This work presented a novel approach for analyzing the failure patterns of different SEI model architectures using 3-D confusion matrices and proposed an ensemble model architecture designed to mitigate the discovered weaknesses. Four selected architectures were examined across a range of SNR values and training data quantities to isolate failure patterns that may be specific to one particular architecture or that are a necessary consideration for SEI as a whole. Further, a fifth architecture, an ensemble method, was designed to combine the learned features of each of the four other architectures in an effort to randomize the error patterns of the trained model.

The results show that the 3-D analysis proves effective at providing a fast and efficient way to visualize the classification error patterns of a trained model across a variable of interest. At lower training data quantities, models produced significant misclassification patterns that were consistent across architectures. These consistent error patterns indicated that model failures were emitter-dependent, which was quantitatively supported using the Shannon entropy metric. At higher training data quantities, the desired classification pattern appeared; however, incorrect classifications patterns could still be seen, implying that an increase in training data quantity did not remove emitter-dependent error patterns. Additional confusion matrices showing recurring error patterns for data collected from CN2, CN3, and CN4 can be seen in Figure 15. These recurring patterns and Shannon entropy values indicated that errors were not homogeneously distributed, which appeared to be a common weakness in the RFML-based SEI algorithms caused by the features that the models were learning. Knowledge of this bias might in the future be combined with observed SNR values to refine second-choice classifications that reflect commonalities in a learned feature set and potentially even begin to characterize those features.

In order to mitigate the lack of randomization in erroneous classifications and create a model that does not suffer from the weaknesses of the four models explored in this work, an ensemble architecture was created that combined the learned feature spaces of each. This ensemble produced a classification accuracy that was consistent across SNR values and increased as training data quantity increased.
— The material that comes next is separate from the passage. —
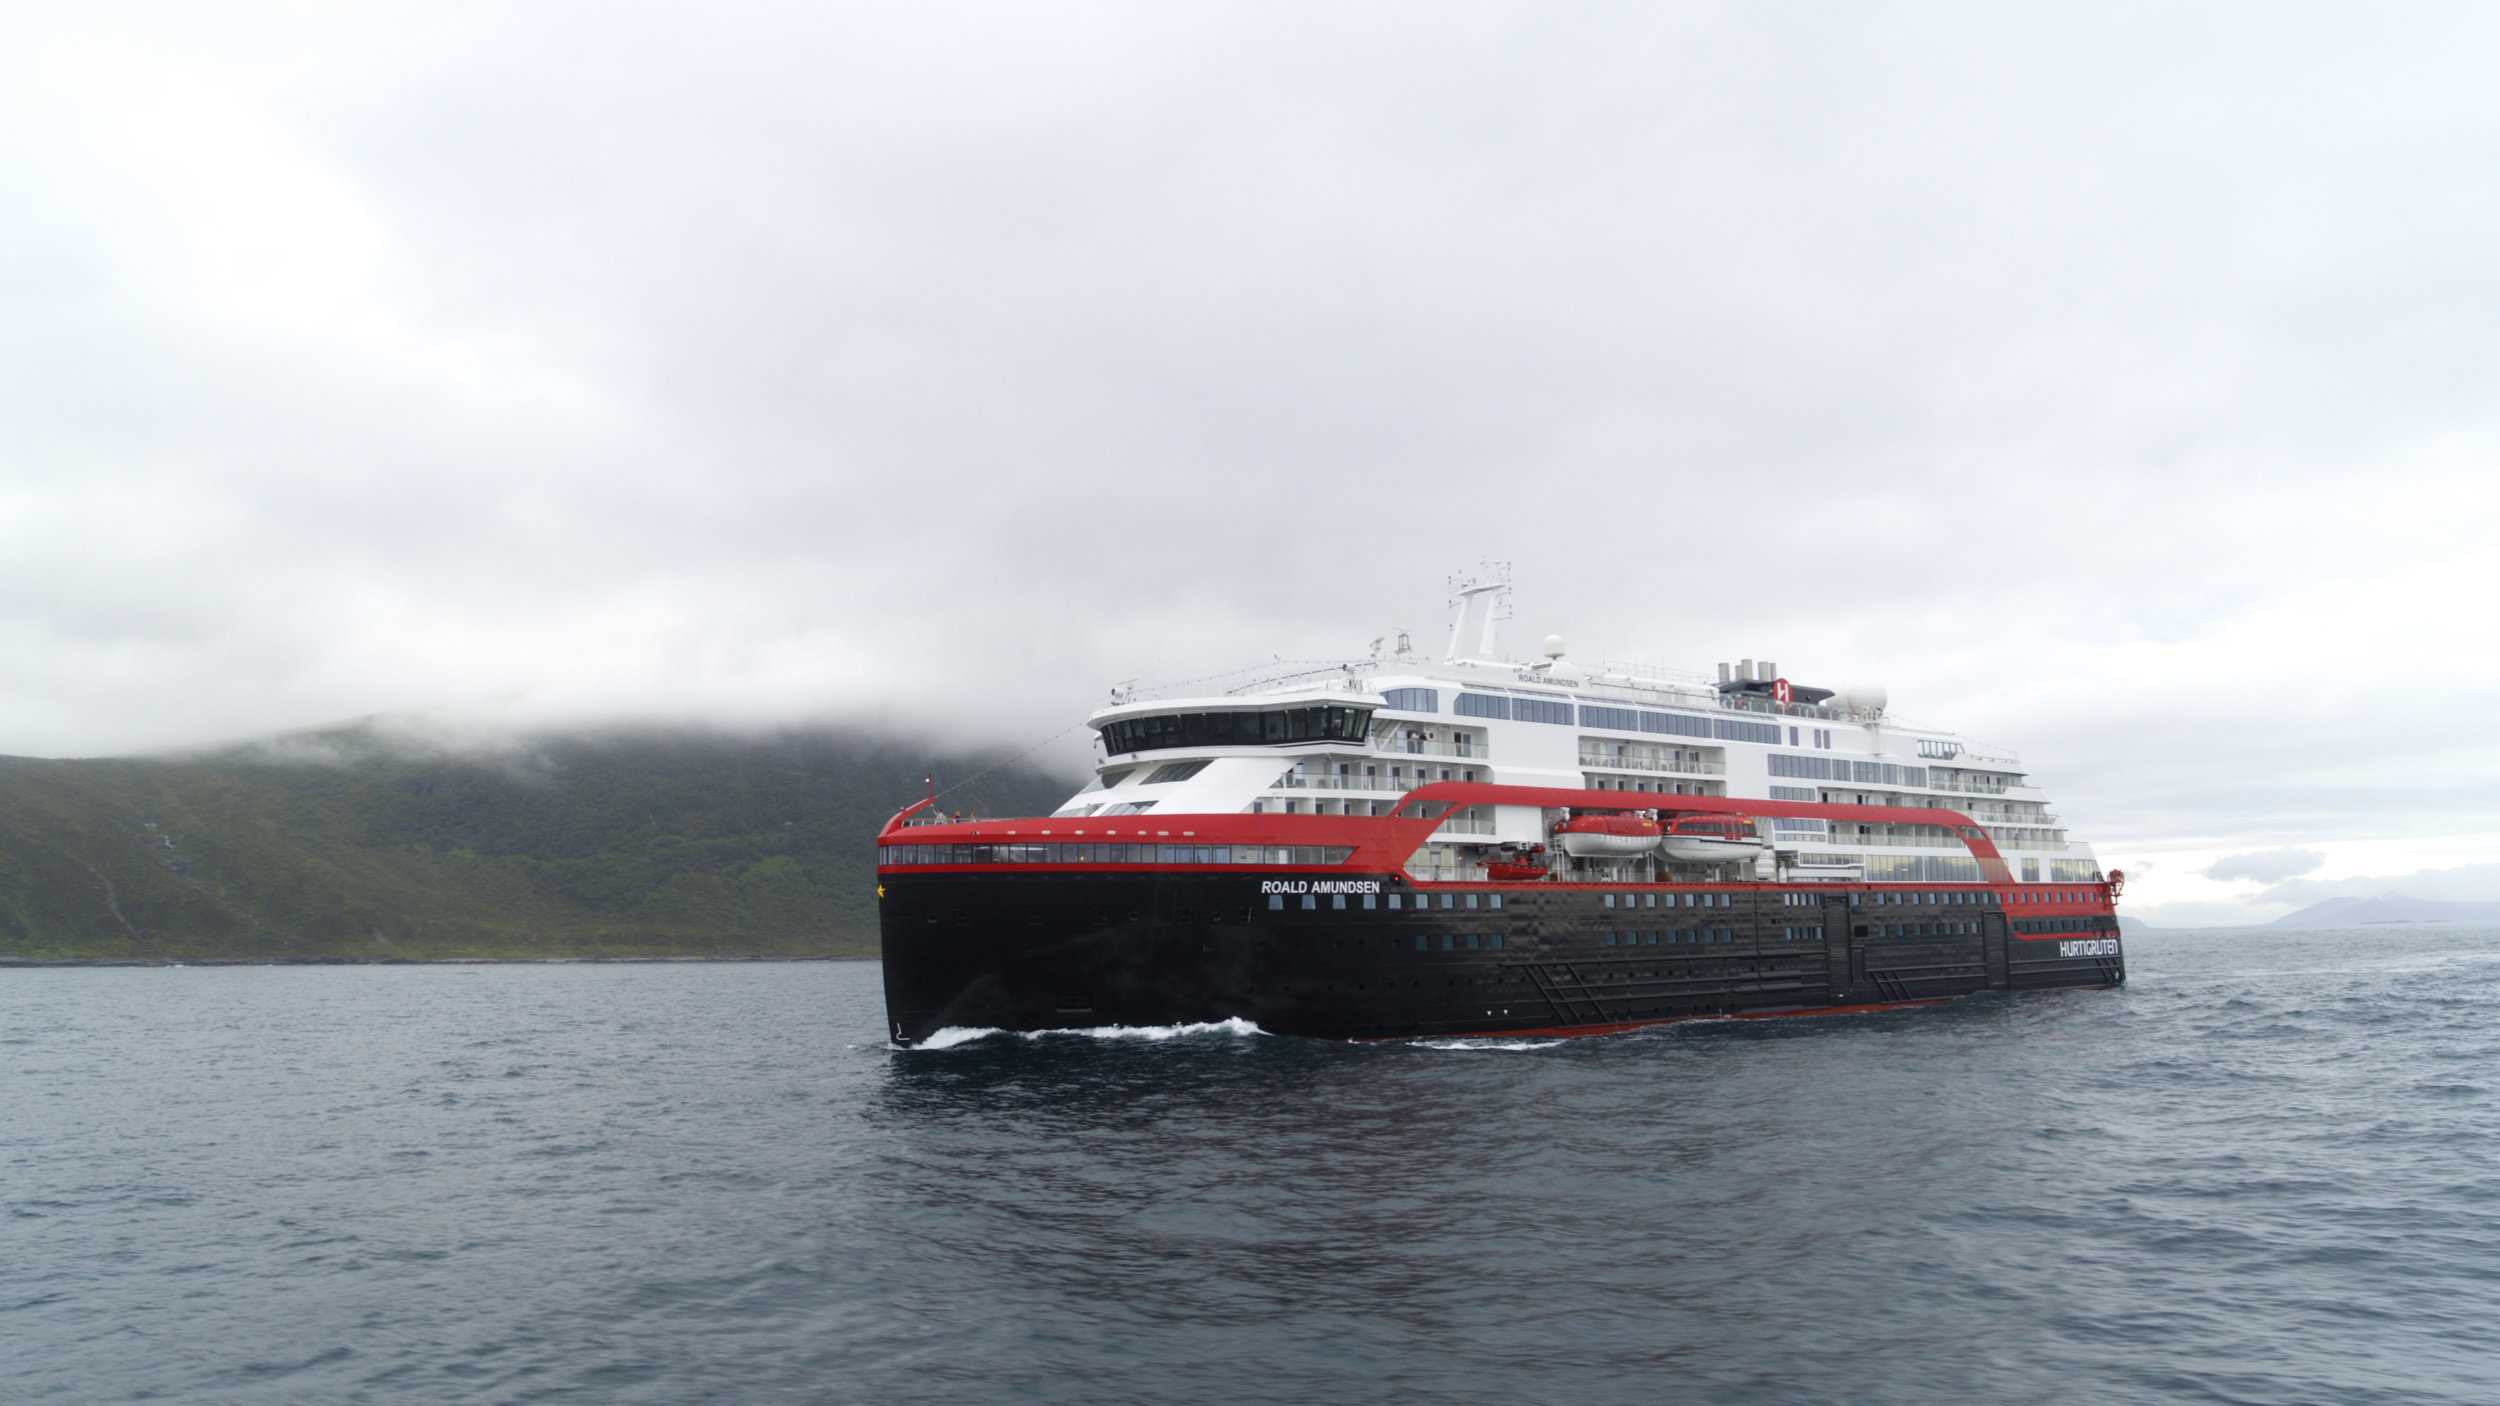 Hurtigruten MS Roald Amundsen 005 - hybrid powered - photo Hurtigruten.jpg

When a multinomial aggregation technique was applied to the ensemble model, emulating the collection of data over a one-second span, the classification accuracies of the ensemble surpassed or rivaled that of each of the other architectures explored while remaining consistent across SNRs. Further, the 3-D confusion matrices of the ensemble model showed fewer error patterns at higher training data quantities, which was supported by Shannon entropy scores and implied that classification errors were more random. This means that the ensemble method is the most immune to attack threats of the models explored in this work. The designed ensemble architecture presents an approach that stabilizes accuracy across varying SNR conditions. This approach produces less frequently repeated classification errors and consistent classification accuracy results that rival or outperform the other models studied regardless of SNR. Given that this model achieved high performance on a large dimensionality SEI problem using 64 different emitters, the ensemble presents a strong, viable approach for performing SEI with as few weaknesses as possible.

In order to further explore the error patterns created by these model architectures, future work can be conducted to reverse engineer the features learned by each model. An understanding of which features are the cause of recurring misclassifications can help model designers to create SEI models that produce more uniformly distributed error patterns without requiring the use of the computational power and time required to train an ensemble method.

Additionally, the relevant range of SNRs present within the datasets used to train a model can be varied and model results studied in a manner similar to [45,46] to further strengthen the understanding of RFML algorithm performance. One approach to doing so could be to train several models using varying datasets: one collected at a fixed SNR value, another collected at small variations in SNR surrounding the previous fixed value, and a third collected using large SNR variations spanning the entirety of a relevant SNR range. The models trained using these datasets, in combination with the analysis approaches presented in this work, could provide detailed 3-D figures that allow for precise conclusions and comparisons to be drawn as to the impacts of SNR variation on SEI performance. Further, an ensemble technique similar to that designed in this work could be applied to the trained models to explore how each SNR range affects algorithm robustness when applied to the entire space.

Further, the insights gained from this study can be applied to the transient analysis of signal features. The transient portions of a signal have been shown to include a substantial quantity of radio frequency genuine features required for training accurate classification models [47]. The use of the transient portion of a signal also allows for accurate models to be created from smaller datasets [2] as the larger bulk portion of a signal is no longer required. Further study comparing the models examined in this work trained on data containing only transients versus only bulk data can provide valuable insights as to the robustness of these models by isolating their error patterns in various conditions.

Additional areas of interest include evaluating how the trained models break outside of their trained ranges, how models perform on data collected in non-line-of-sight propagation scenarios [25], and the impacts of the hardware implementations [48]; taken collectively, these explorations of how RFML-based SEI algorithms break are expected to improve the real-world deployability of the resulting design.

Author Contributions

Conceptualization, A.J.M. and B.O.; methodology, A.J.M. and B.O.; software, B.O.; validation, B.O.; data curation, B.O.; writing—original draft preparation, B.O. and E.M.; writing—review and editing, A.J.M. All authors have read and agreed to the published version of the manuscript.

Funding

This research was based upon work supported in part by the Office of the Director of National Intelligence (ODNI), Intelligence Advanced Research Projects Activity (IARPA). The views and conclusions contained herein are those of the authors and should not be interpreted as necessarily representing the official policies, either expressed or implied, of ODNI, IARPA, or the U.S. Government. The U.S. Government is authorized to reproduce and distribute reprints for governmental purposes notwithstanding any copyright annotation therein.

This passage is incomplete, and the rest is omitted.